-------- RAW DATA --------
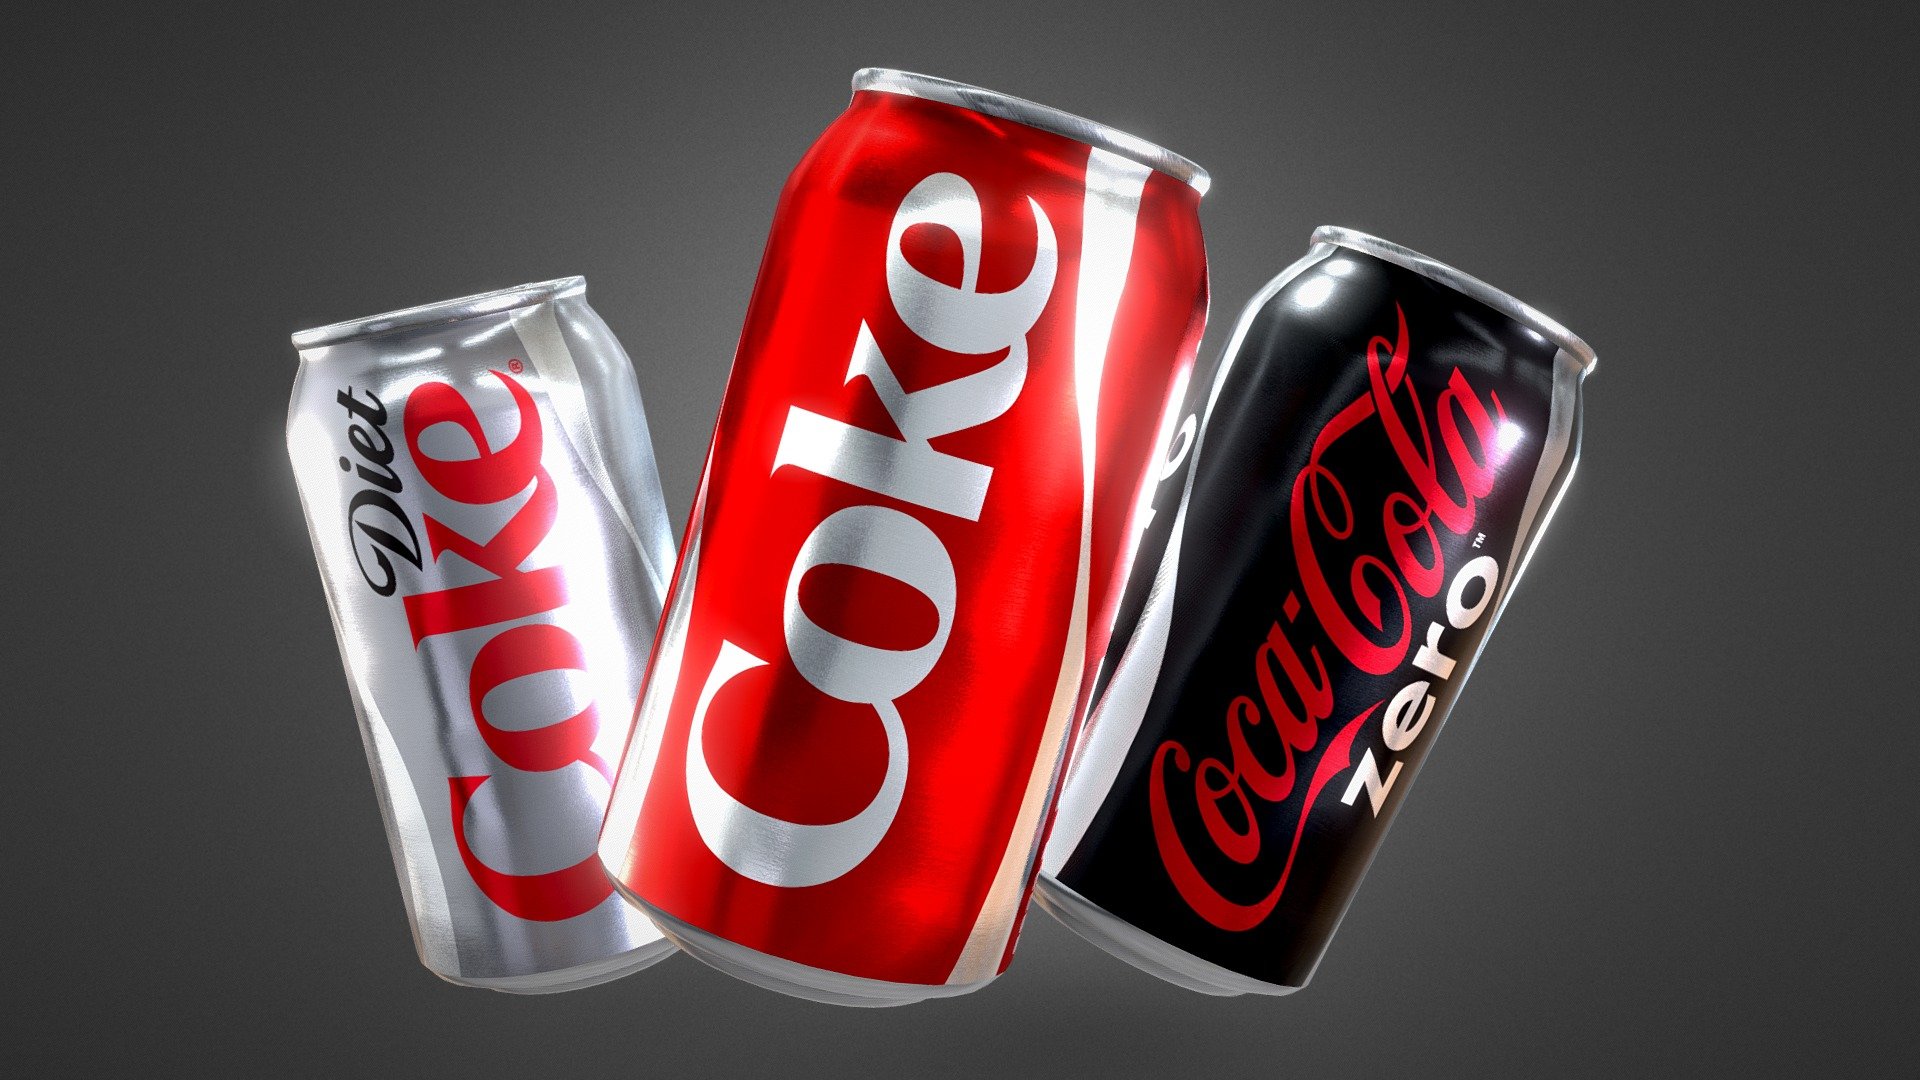 Pack of Coca Cola (classic, zero and diet) cans with a PBR workflow, mainly suitable for archviz/realistic purposes, but can also be used for VR/AR projects and as a game asset.

The model contains a Zip file, with:




2 Versions for every file format: Beveled - suitable for subdivision and/or smooth shading, Subdivided - subdivided in advance;

Tailored textures with multiple resolutions (2K, 4K) for a PBR Metalness workflow, such as DIFFUSE/METALLIC/ROUGHNESS/NORMAL, multiple versions of textures - open and closed lid;

Both OpenGL and DirectX normal maps;

An additional preview scene with a camera, lights, and a background;

All model versions include UV unwrapping, appropriate pivot/origin points and object parenting;

Formats: 
1. fbx.
2. obj.
3. dae.
4. blend.




Scale: Real World - Metric

Dimensions cm: 6.3 x 6.3 x 12.5 (2.5 x 2.5 x 4.9'&lsquo;)

Model parts: 2 (Can and tab)

Geometry: All quads with few appropriate triangles
 - Coca Cola Cans - Classic, Zero, Diet Coke Sodas - Buy Royalty Free 3D model by PatrickZhiaran 3d model
--------
WHAT YOU ARE ASKED TO DO
Tally the lines in the listing that hold "appropriate" and report the number alone.

OUTPUT
2